Task prompt: Wherever the line that contains "よさこい風の和なアコースティックBGMの再生済みの波形" falls, repeat it and the lines after it exactly until the records end, without any pictures.

Listed records:
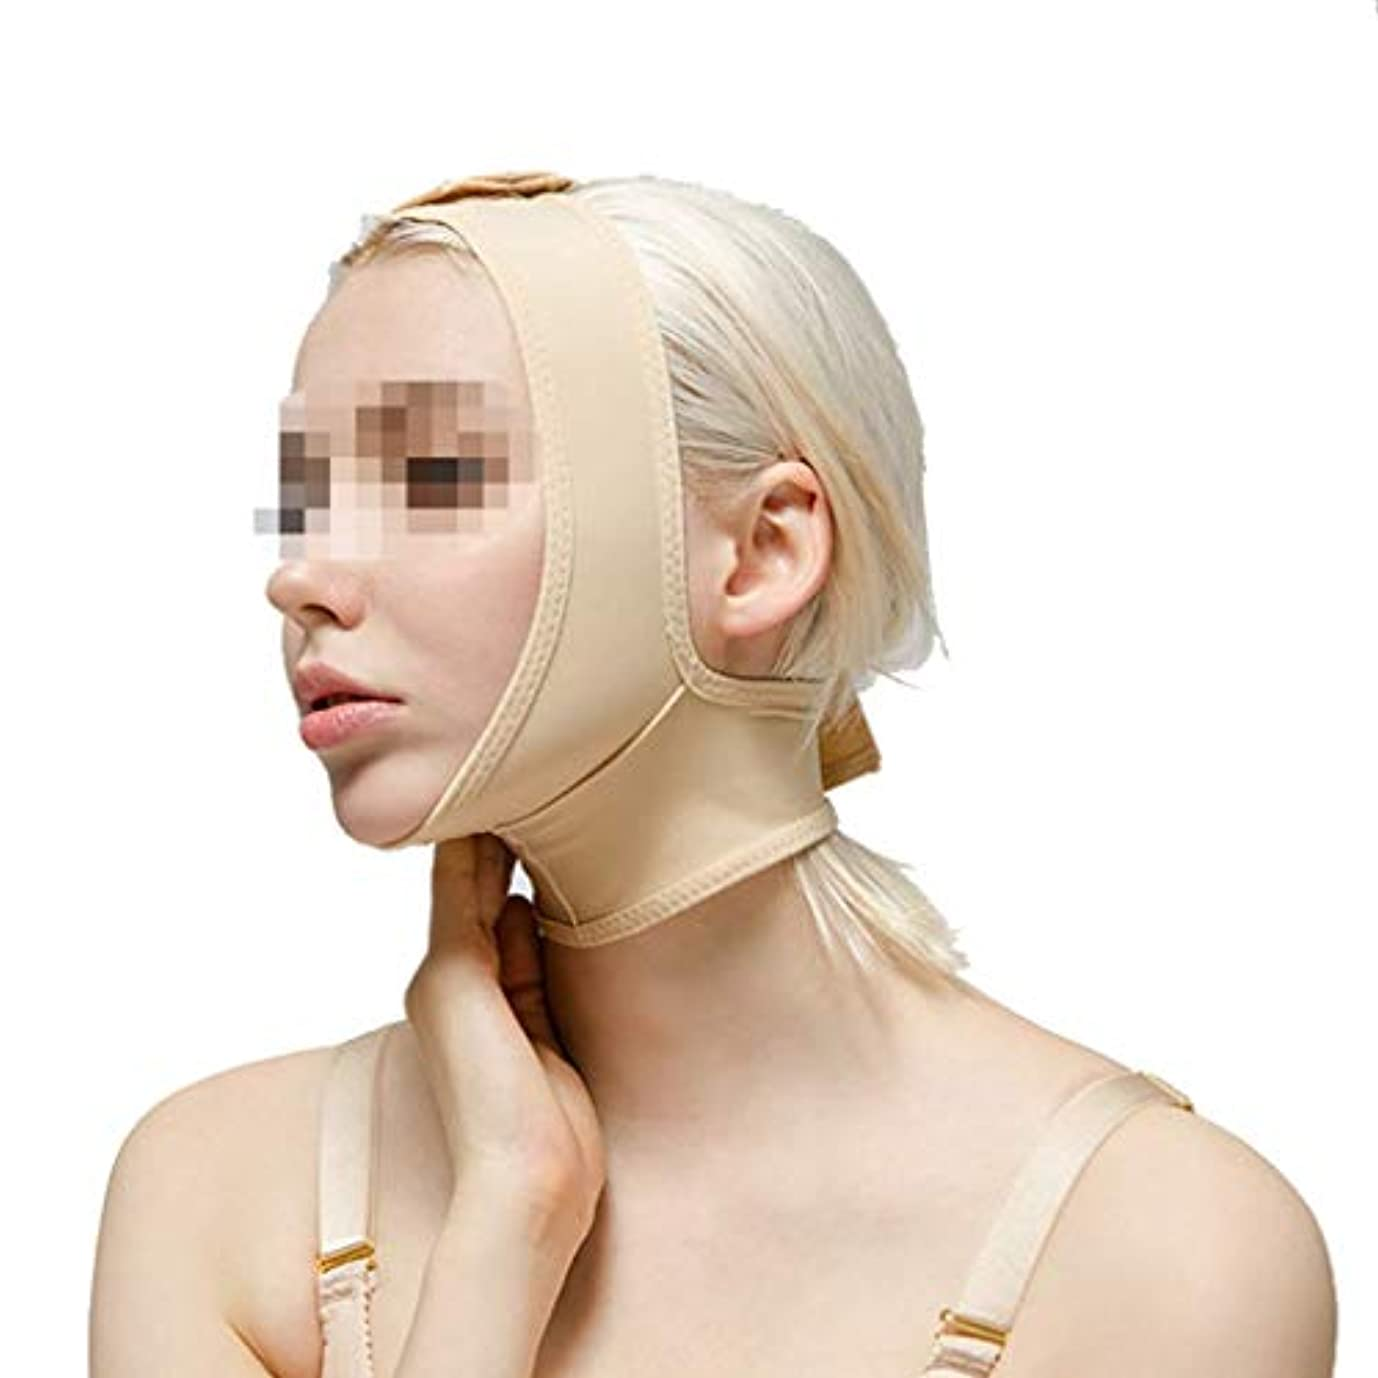 叫ぶ早める炭素術後伸縮性スリーブ、下顎束フェイスバンデージフェイシャルビームダブルチンシンフェイスマスクマルチサイズオプション(サイズ:L),XXL
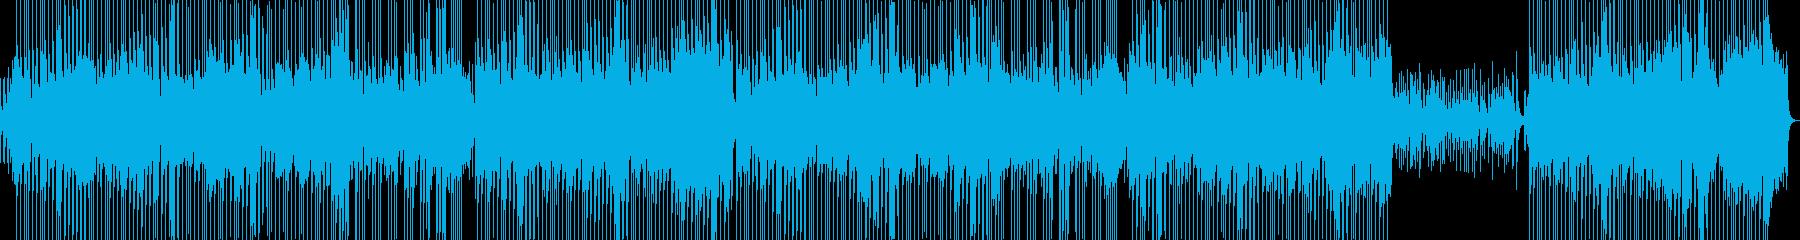 よさこい風の和なアコースティックBGMの再生済みの波形
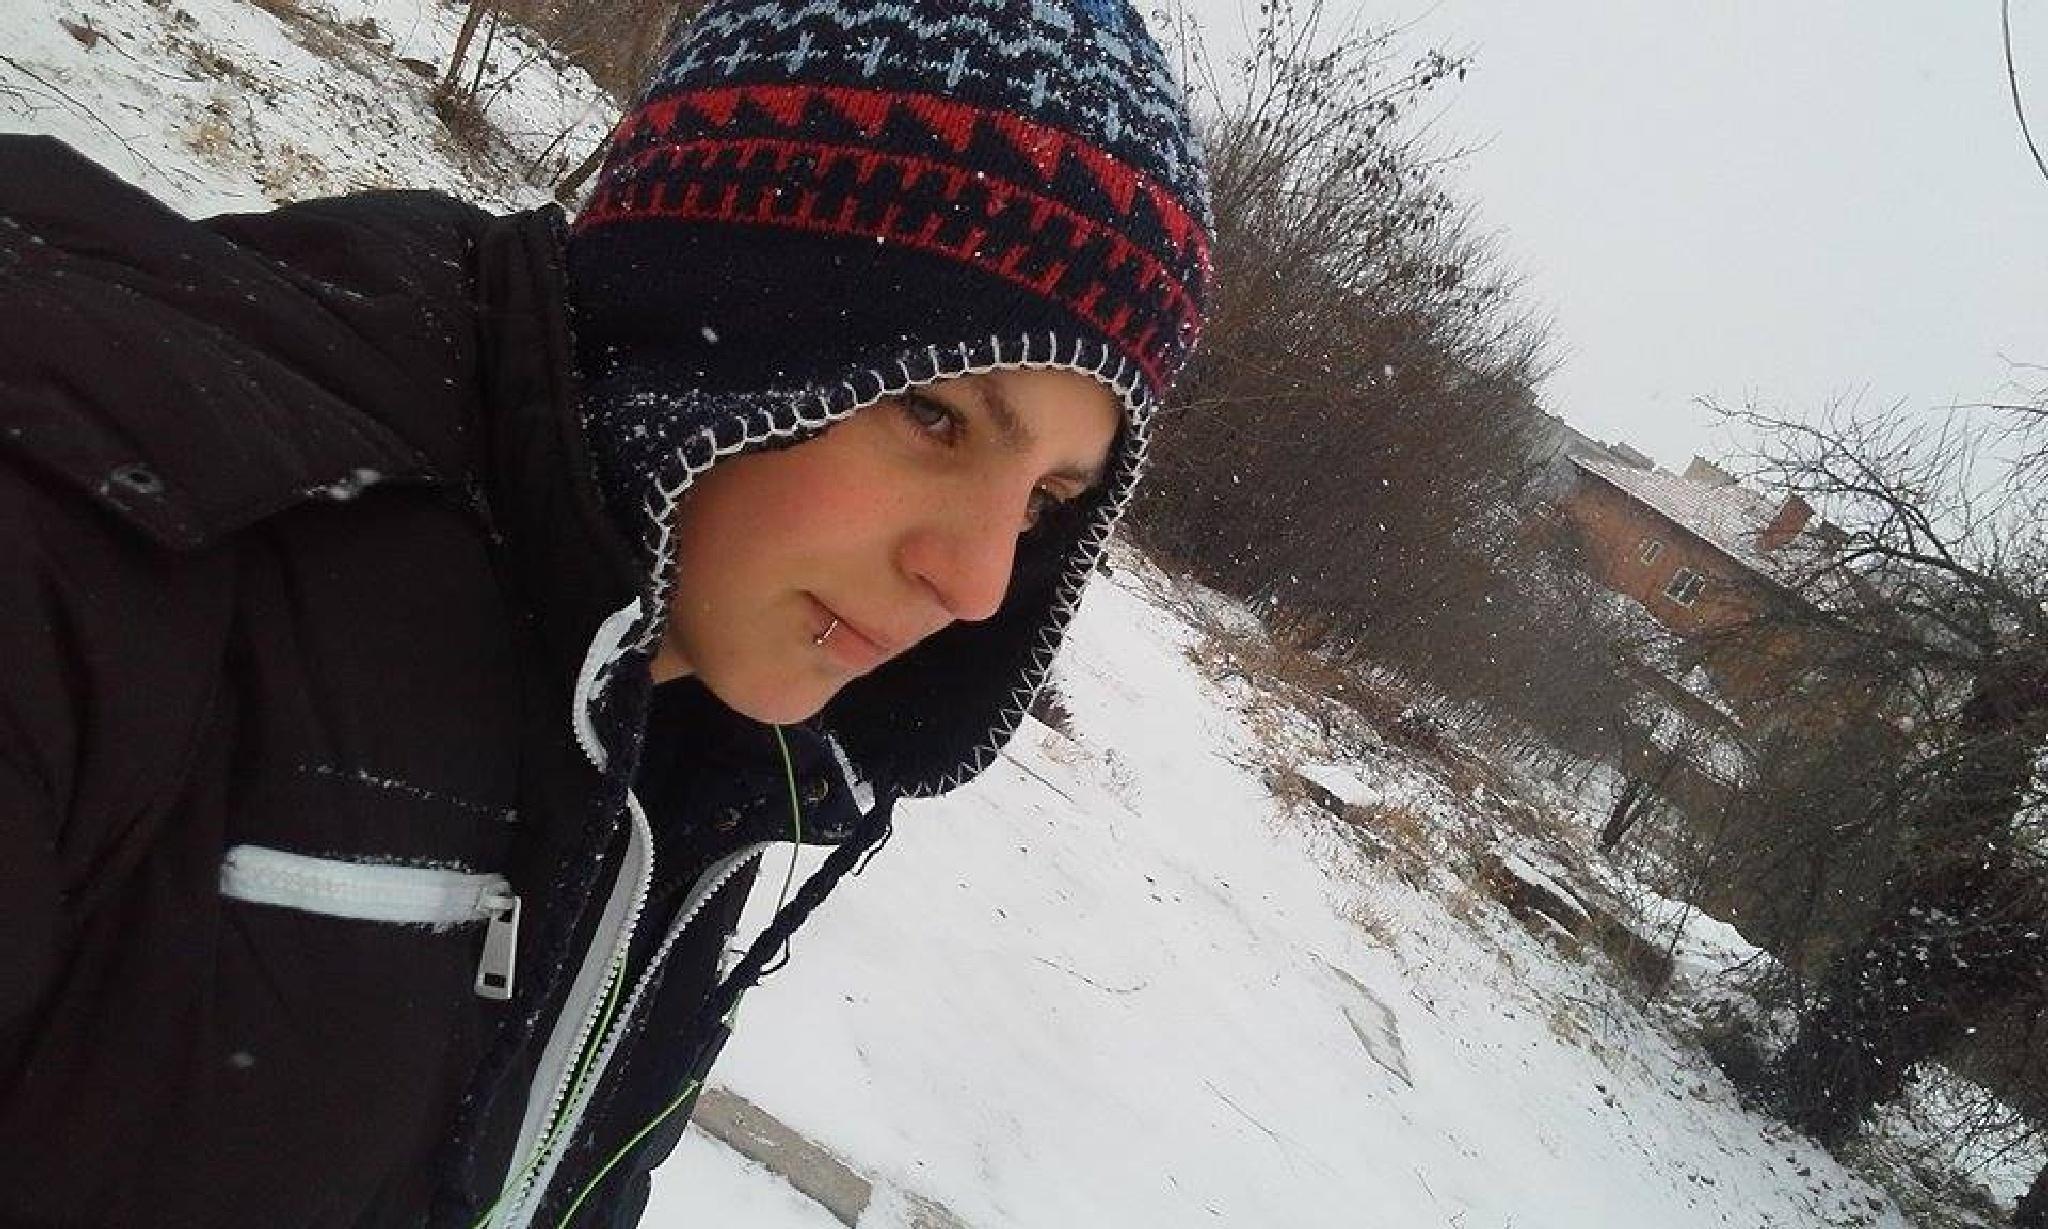 счастлив первый снег by nanozen
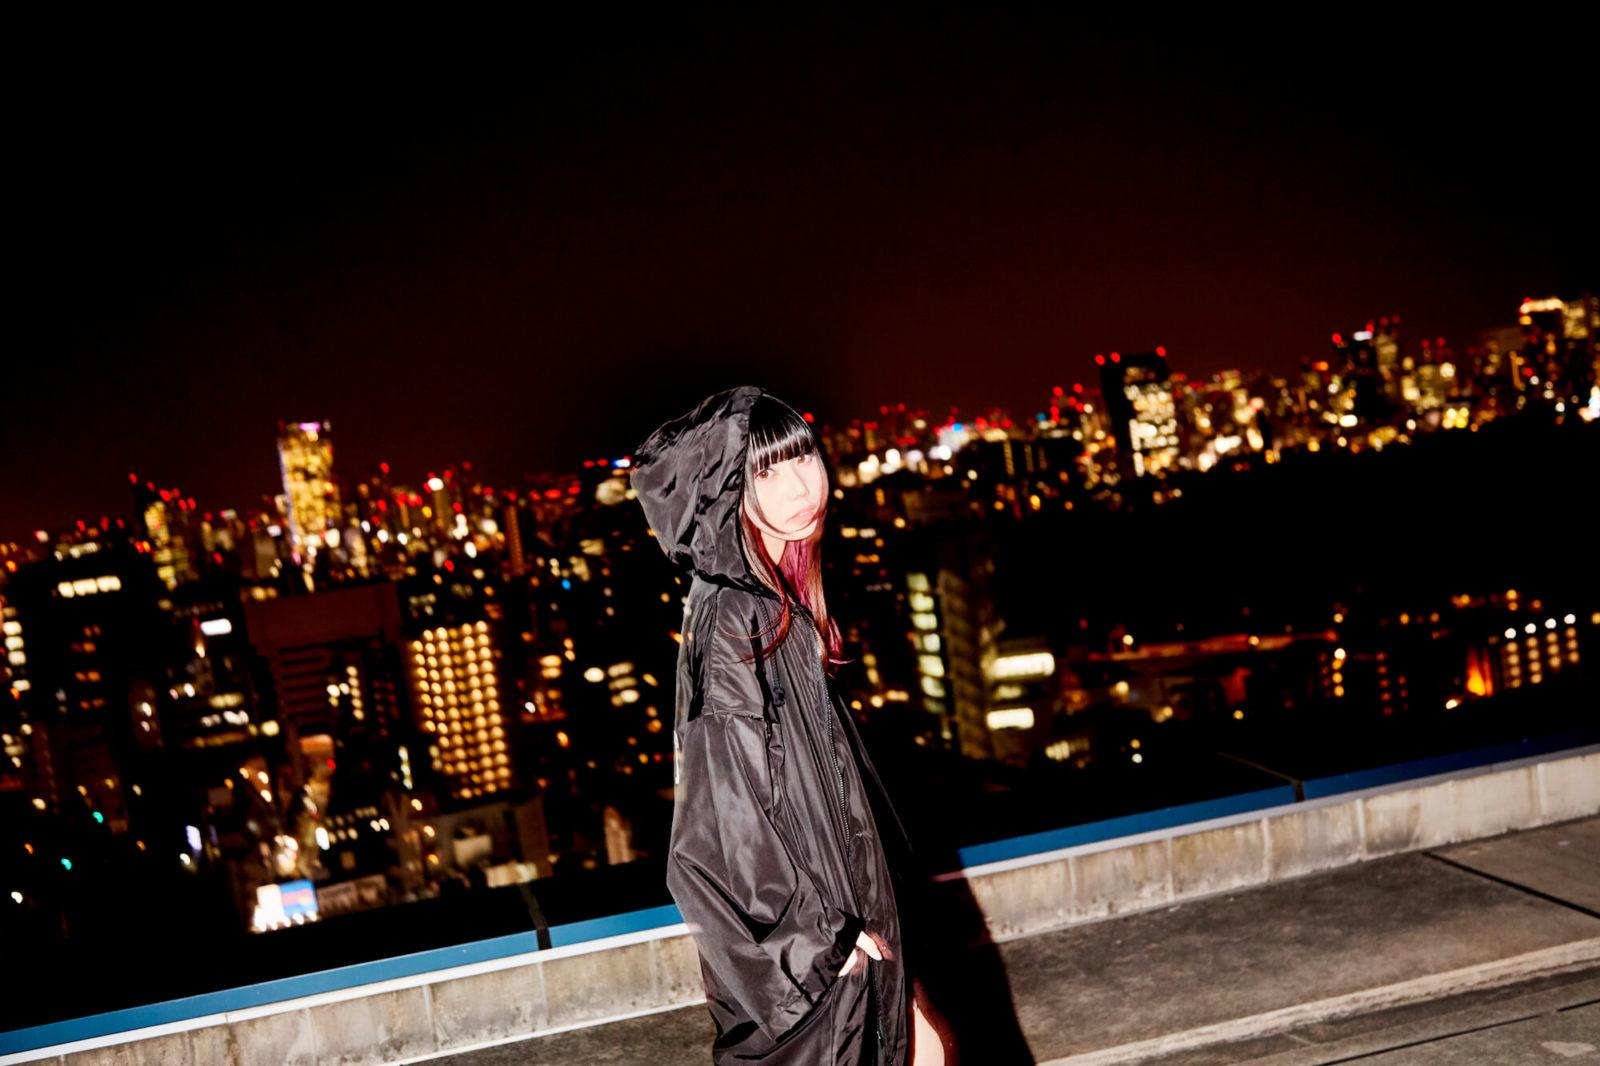 SHACHI、テレ朝SPドラマ『ラッパーに噛まれたらラッパーになるドラマ』主題歌に配信EP『alone』より「One Day」大抜擢サムネイル画像
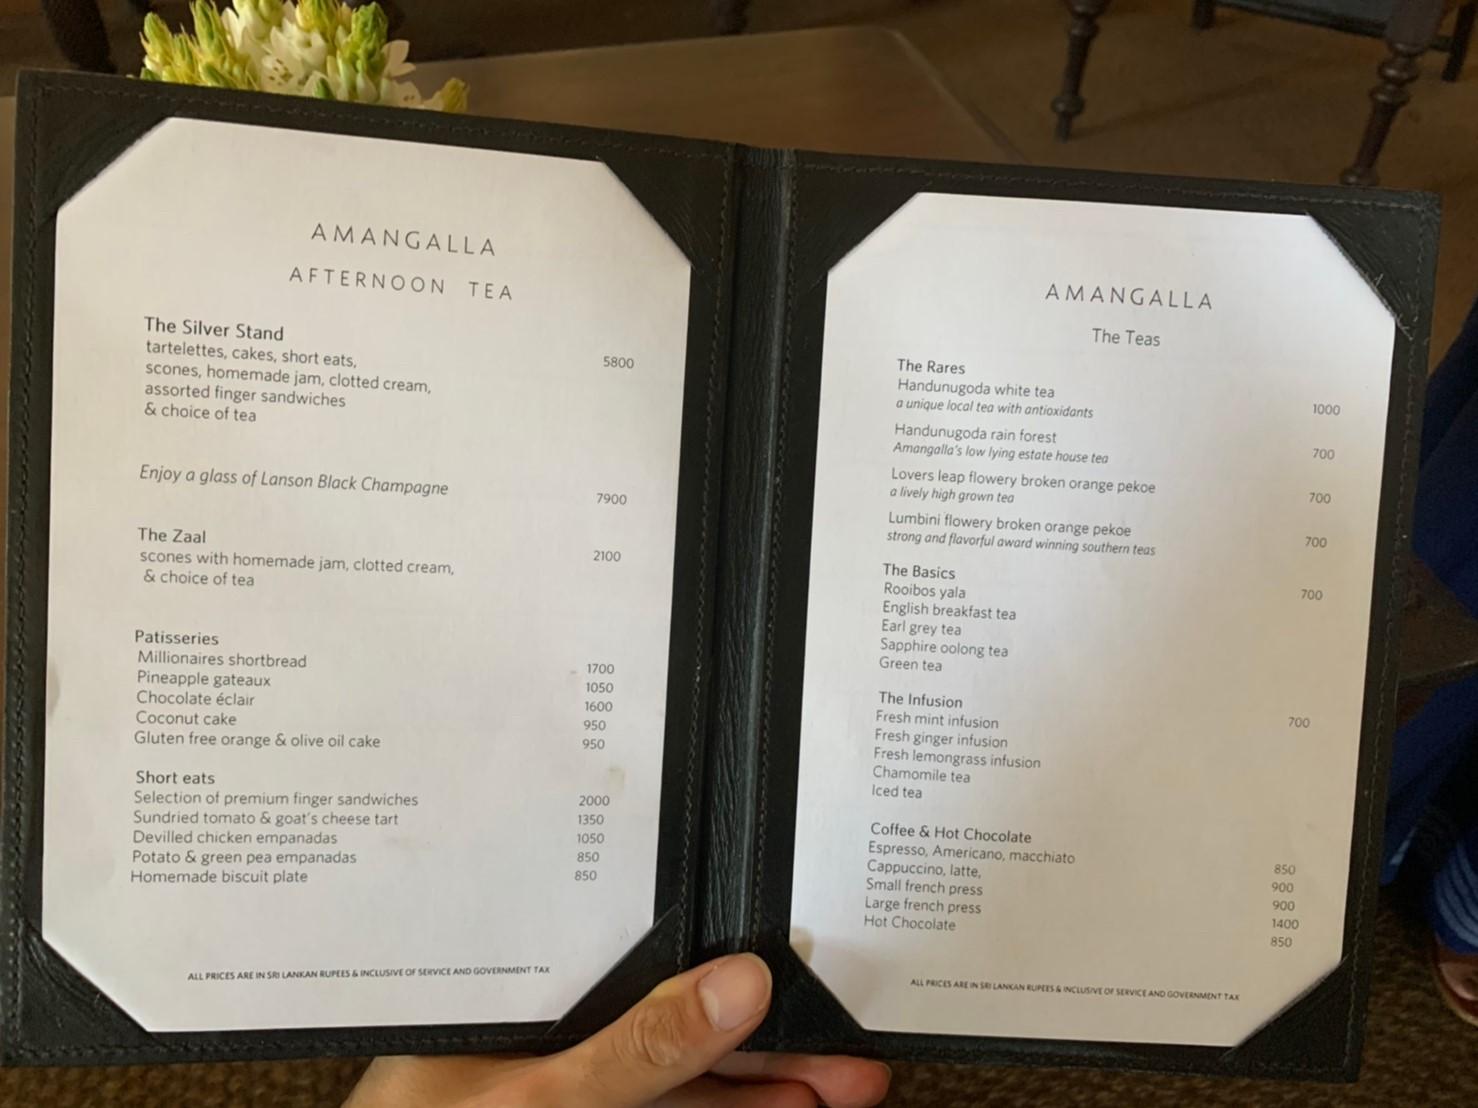 アマンガホテルのハイティーの価格

Reply:
 よさこい風の和なアコースティックBGMの再生済みの波形
 счастлив первый снег by nanozen
 SHACHI、テレ朝SPドラマ『ラッパーに噛まれたらラッパーになるドラマ』主題歌に配信EP『alone』より「One Day」大抜擢サムネイル画像
 アマンガホテルのハイティーの価格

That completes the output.